Below you can observe the pertinent positive as generated by PP-Smooth. It can be assumed that the model prioritized the cell boundaries for its prediction.
Below depicted is the pertinent negative as generated by PN-Smooth. In general, the explanation seems quite noisy. Further, it can be highlighted that there are two specific pixels standing out meaning that manipulating those two pixels would be sufficient to change the prediction.
Below, the pertinent negative added to the original histopathologic image is shown.
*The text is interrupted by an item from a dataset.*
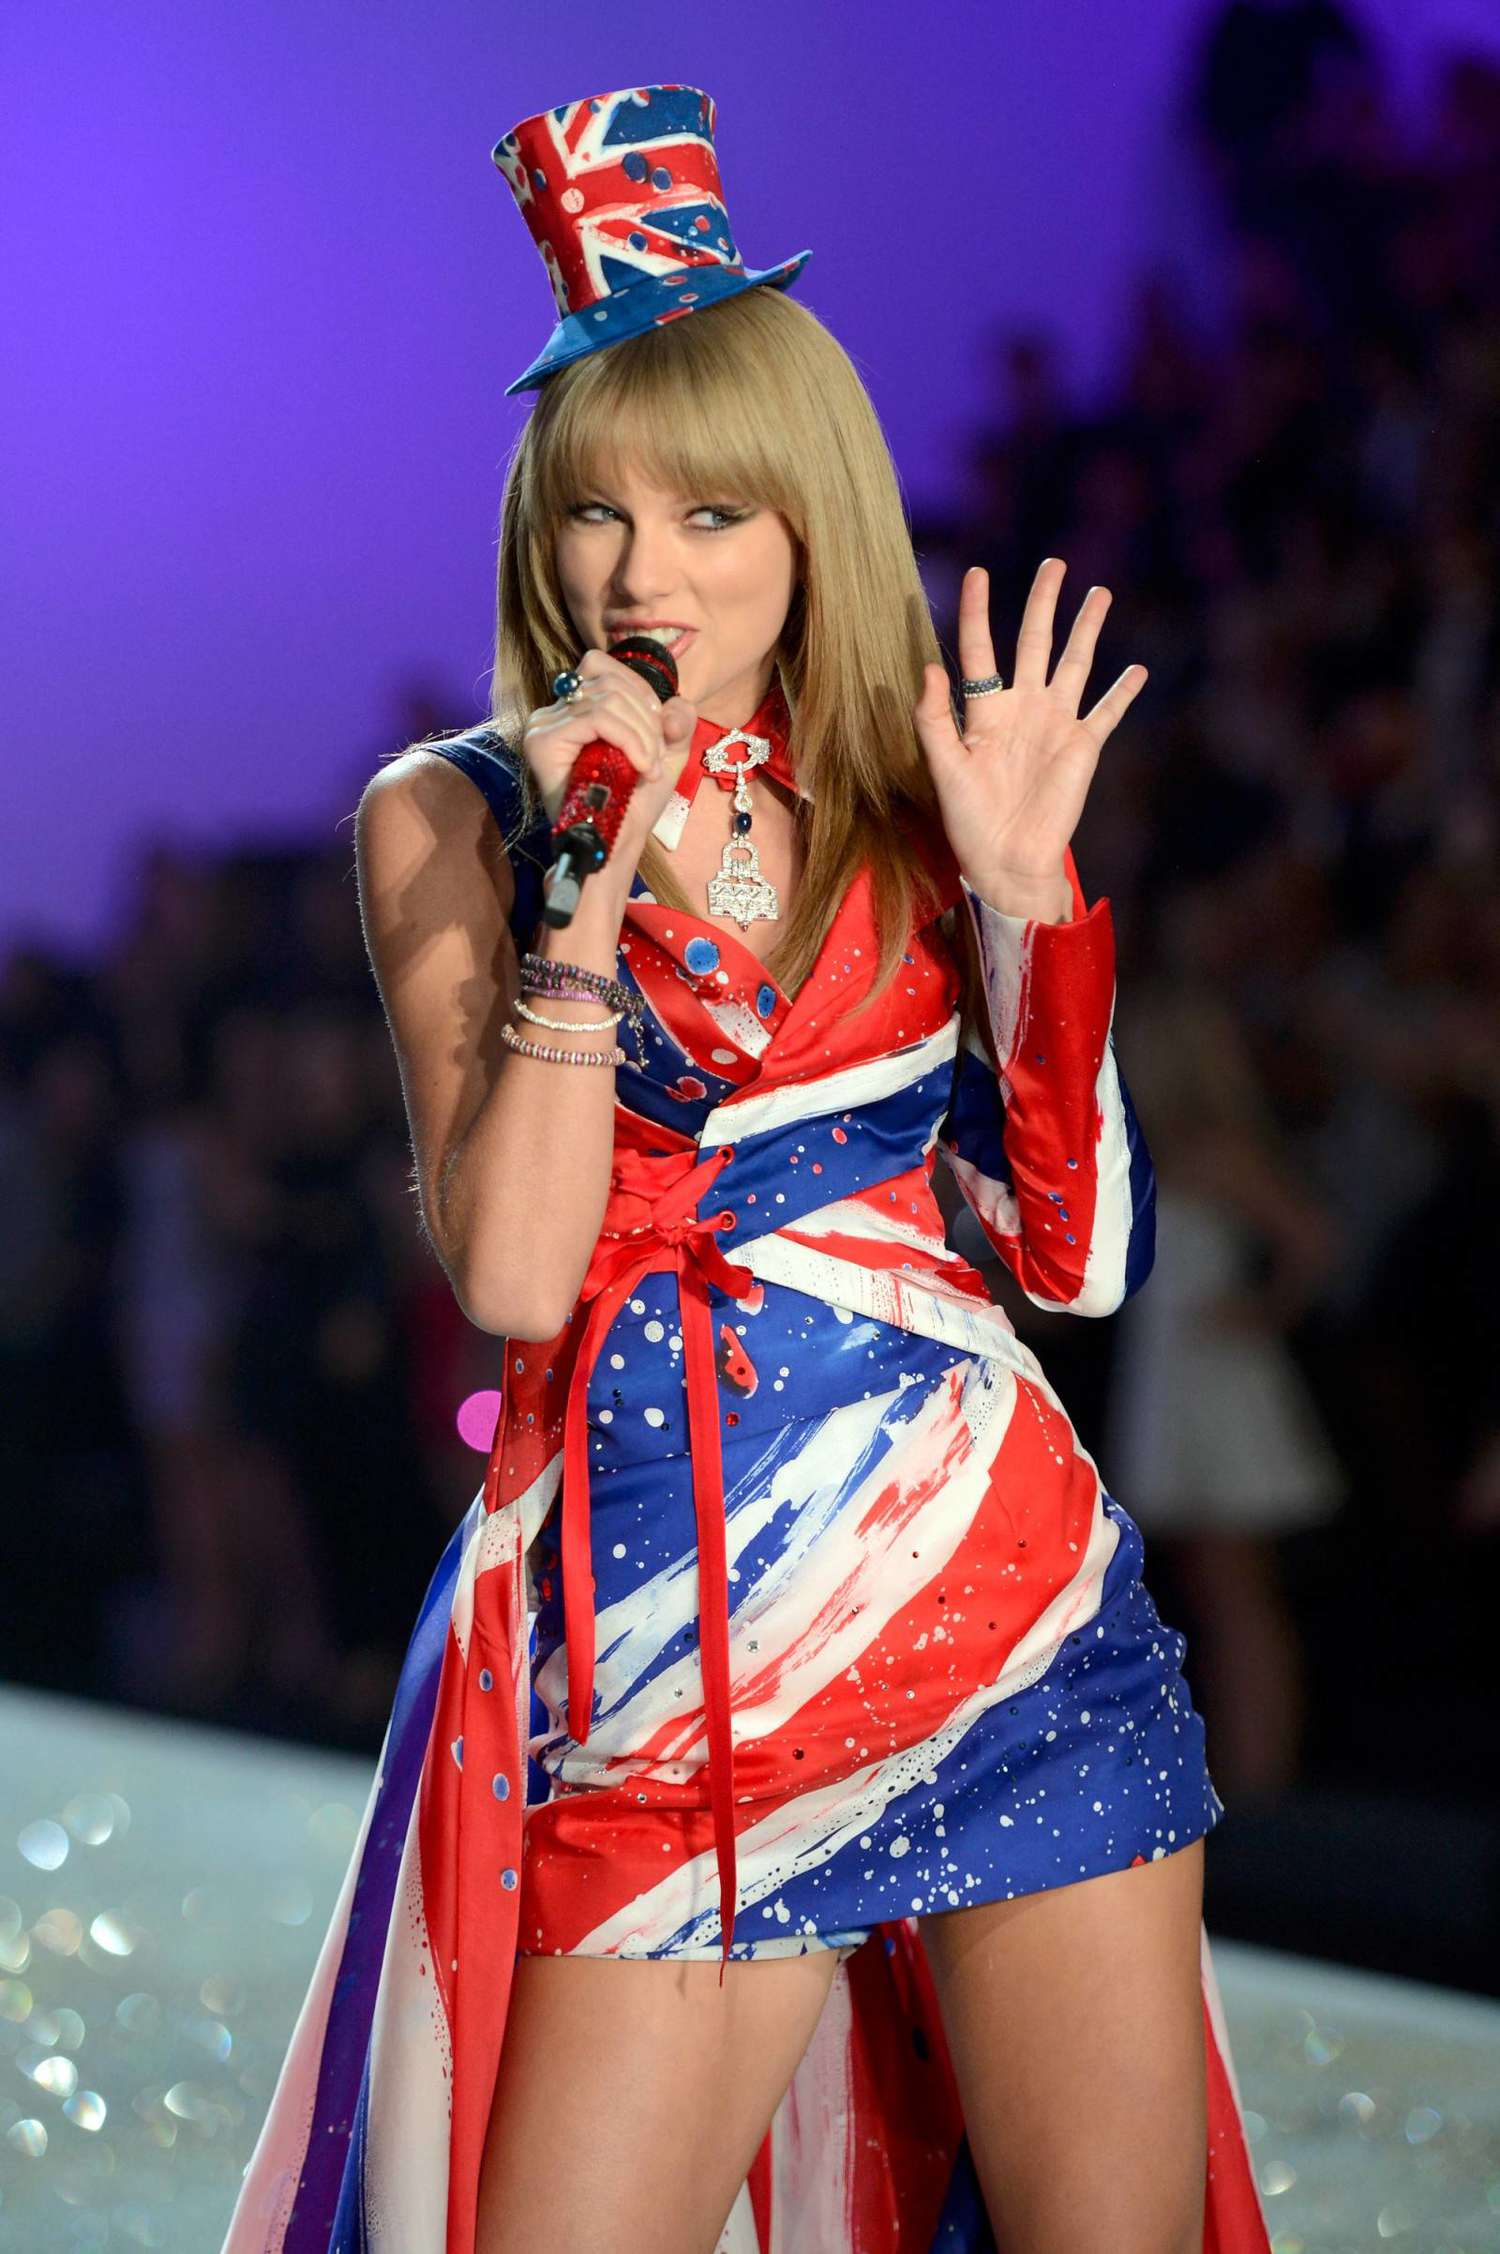 Taylor swift 2013 vs fashion show 22 gotceleb Taylor swift style live vs fashion show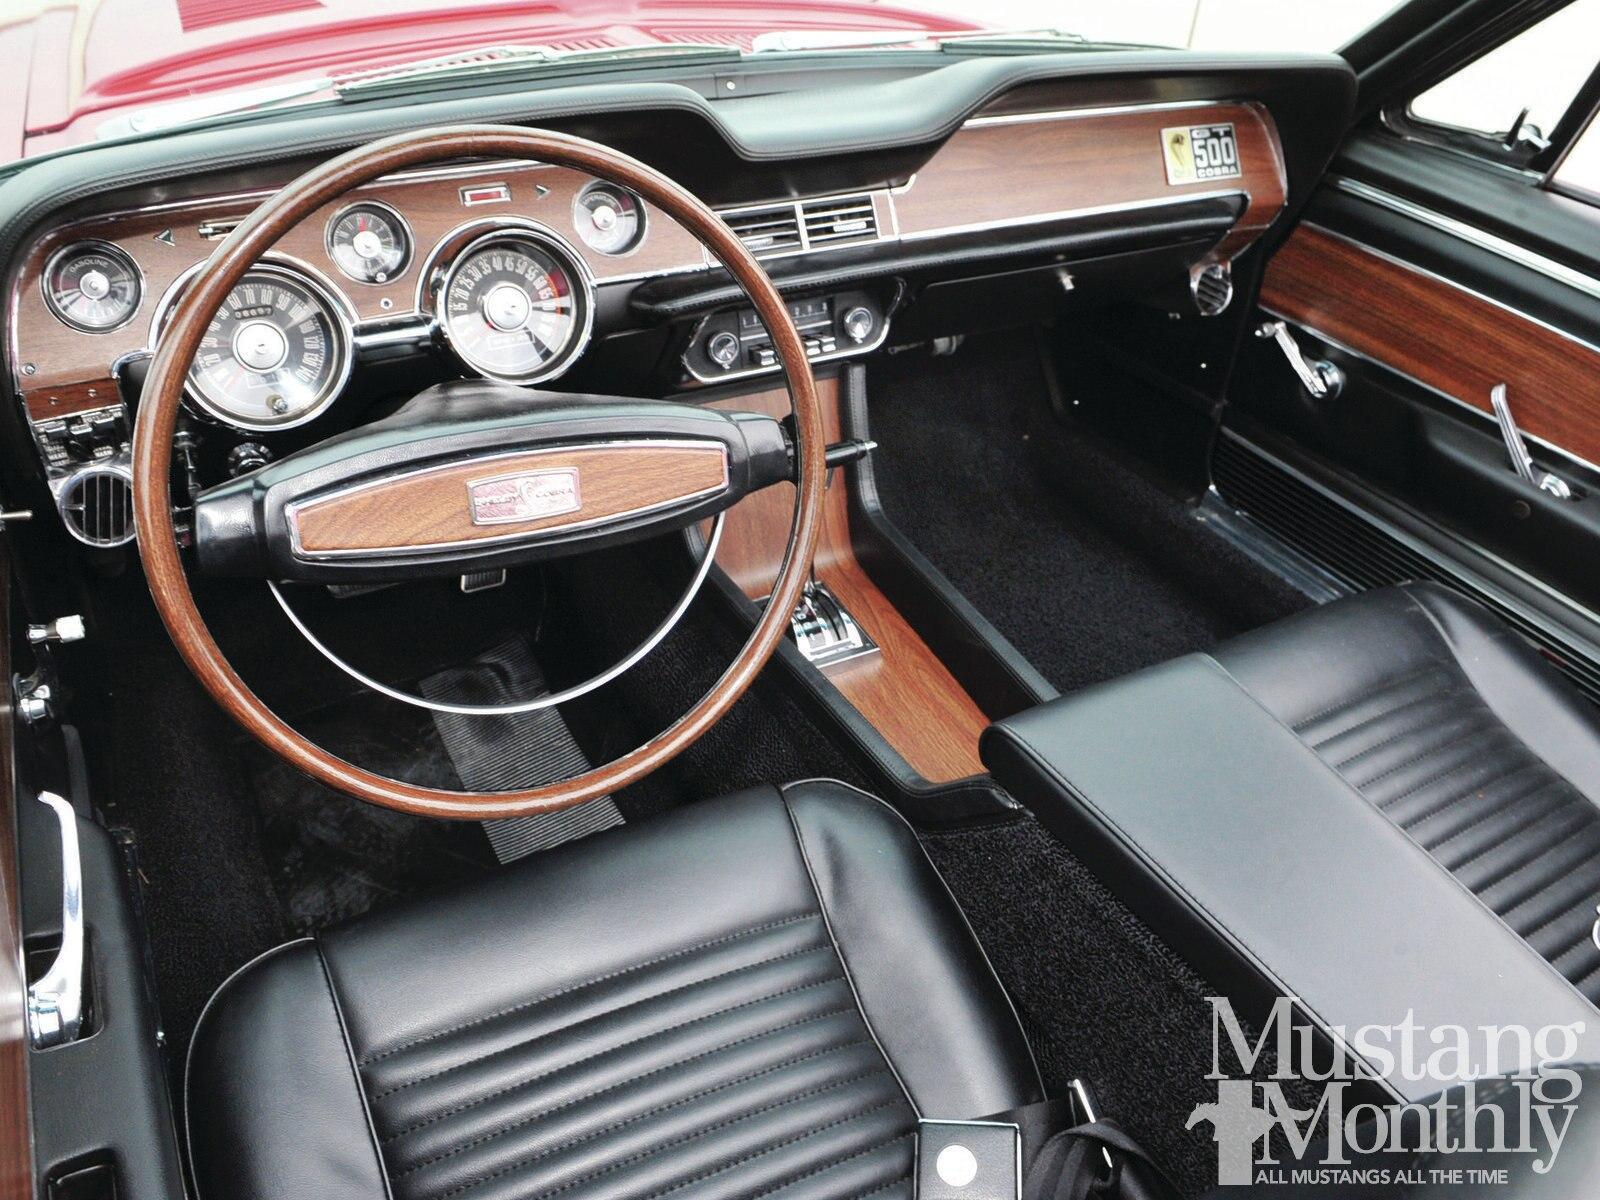 Mump 1206 003 1967 Shelby Convertible Rare Air

For an human expert, it is almost impossible to distinguish the original image with the perturbed one. Still, the prediction scores quite differ as can be seen below:
Prediction scores of the original image:
tensor([-0.0769, 5.8685, -4.5399, -1.9916])
Prediction scores of the original image + pertinent negative:
tensor([-4.4830, 3.8907, -4.8994, 4.2906])
One can conclude that the model is not robust and thus prone to adverserial attacks.